:: DATASET EXCERPT

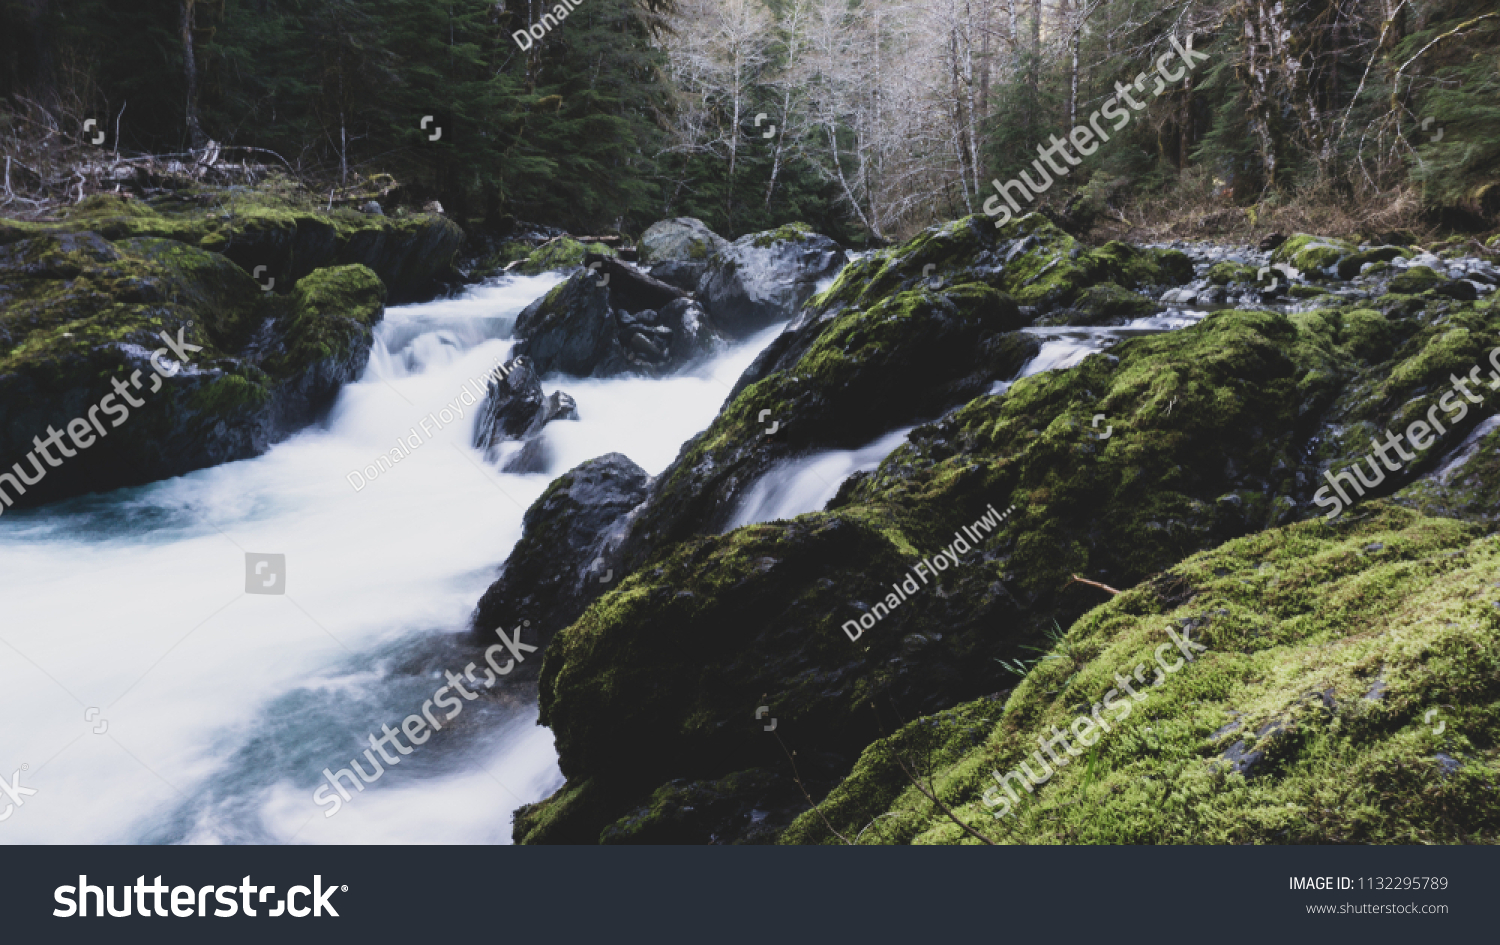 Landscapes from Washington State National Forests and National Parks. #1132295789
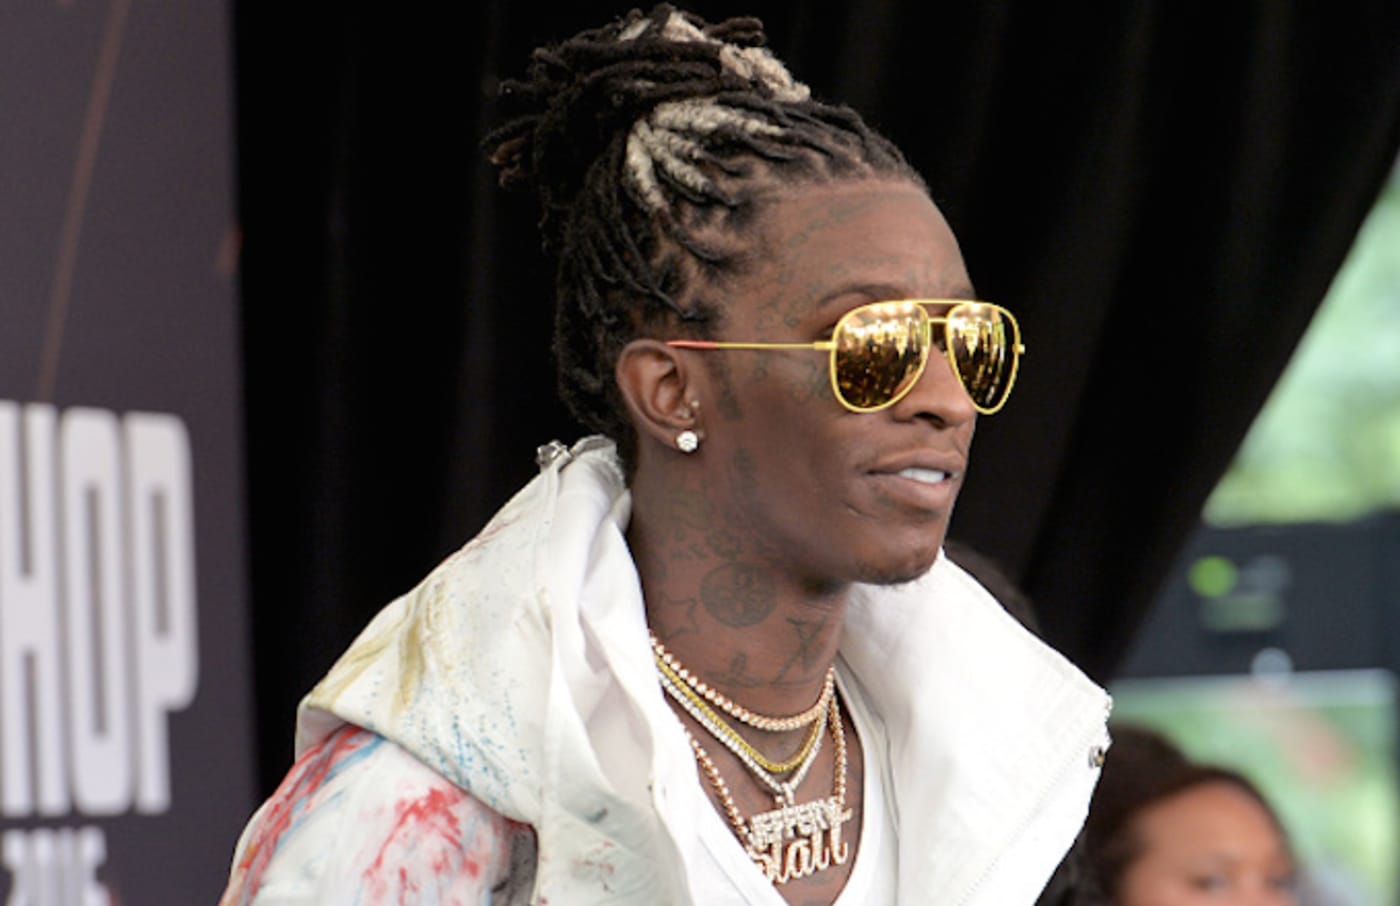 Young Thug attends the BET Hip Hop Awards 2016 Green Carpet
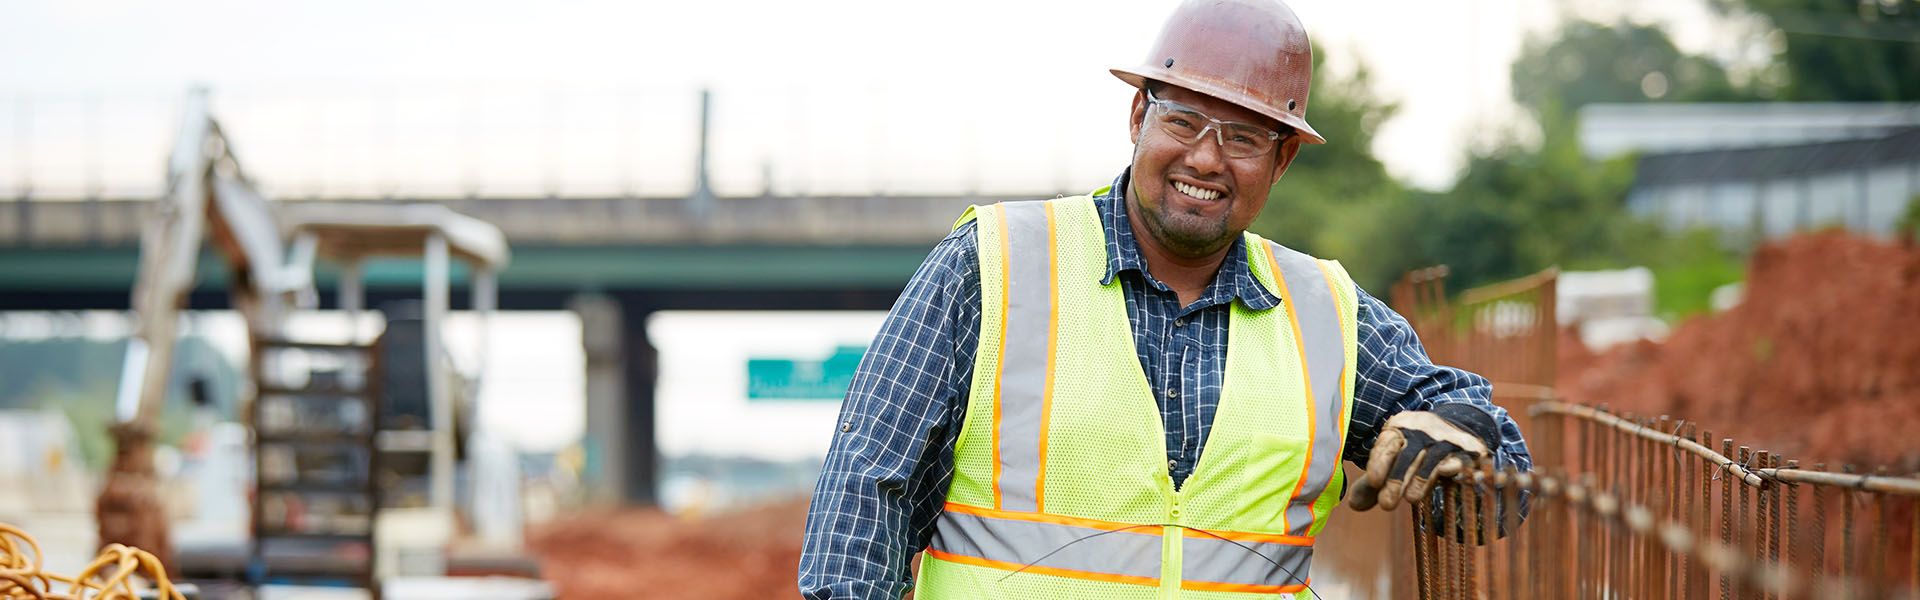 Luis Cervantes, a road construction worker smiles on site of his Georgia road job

::::

TASK DETAILS: Take the line that holds "Young Thug attends" as the start and the last line of the data as the end. Copy only those lines exactly, both ends included, except the pictures.

SOLUTION TO THIS TASK:
 Young Thug attends the BET Hip Hop Awards 2016 Green Carpet
 Luis Cervantes, a road construction worker smiles on site of his Georgia road job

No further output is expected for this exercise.